# [UPDATE 2] Download SevenVG RC Theme with Superbar for Windows XP



## Vishal Gupta (Mar 17, 2009)

*img.photobucket.com/albums/v374/vishaal_here/Windows%207/Windows7logo.png

As you all know "*SevenVG*" is the first Windows 7 look-a-like theme for XP and almost all other themes are based on it.

Today I'm very pleased to announce a new update for this theme.
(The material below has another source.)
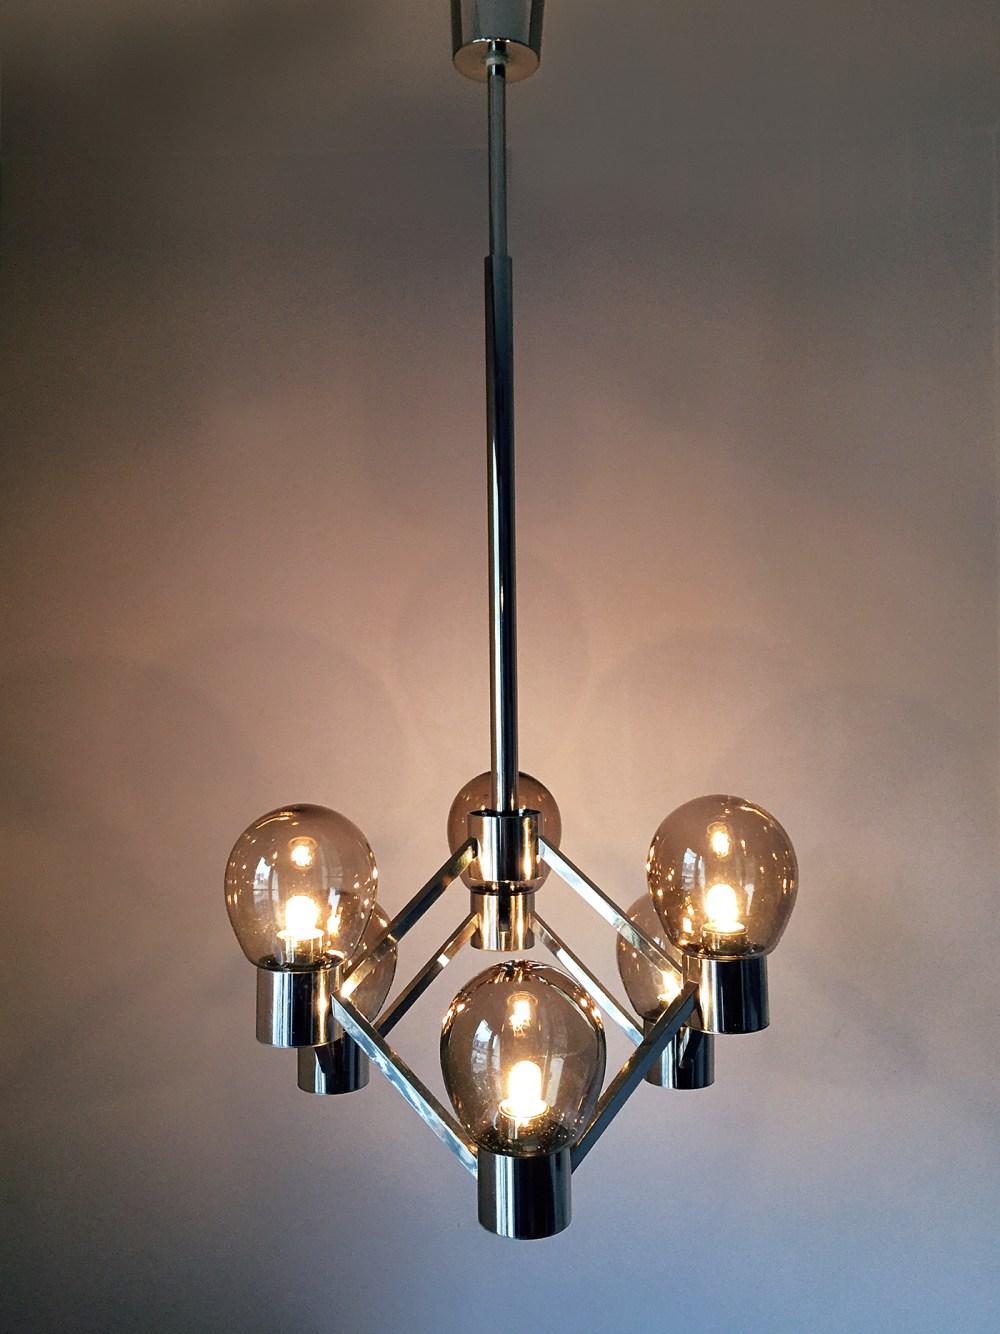 lustre suspension vintage en forme d'atome, chrome et verres fumés 1960

This theme has been updated to match with the latest Windows 7 build 7057.

It contains lots of new resources and bug fixes:


A Brand *New "Basic" Style* on Demand
*New Light-grey Shellstyle* Matching with 7057 Build
*New Start ORB* from 7057 Build
New Big Titlebar Buttons in Windows
New Smooth Taskbar Buttons with Different Highlights
New Menubar Color
New Quick Launch Toolbar Resources
New Startmenu Separators
New Hide Inactive Icons Resources
New Taskbar Unlock Gripper
New Left &amp; Right Taskbar Resources
And Lots of Bug Fixes

*img.photobucket.com/albums/v374/vishaal_here/SevenVG_RC_Theme_Thumb.png

*Download Link*

*How to Instructions*


----------



## axxo (Mar 17, 2009)

I was expecting a dark grey title bar in place of classic old blue ones.

*farm4.static.flickr.com/3541/3363293906_445ef96ac2.jpg


----------



## Vishal Gupta (Mar 18, 2009)

^^ Since Windows 7 by default shows that light blue titlebar, I used the same in this theme to make it look-like 7.


----------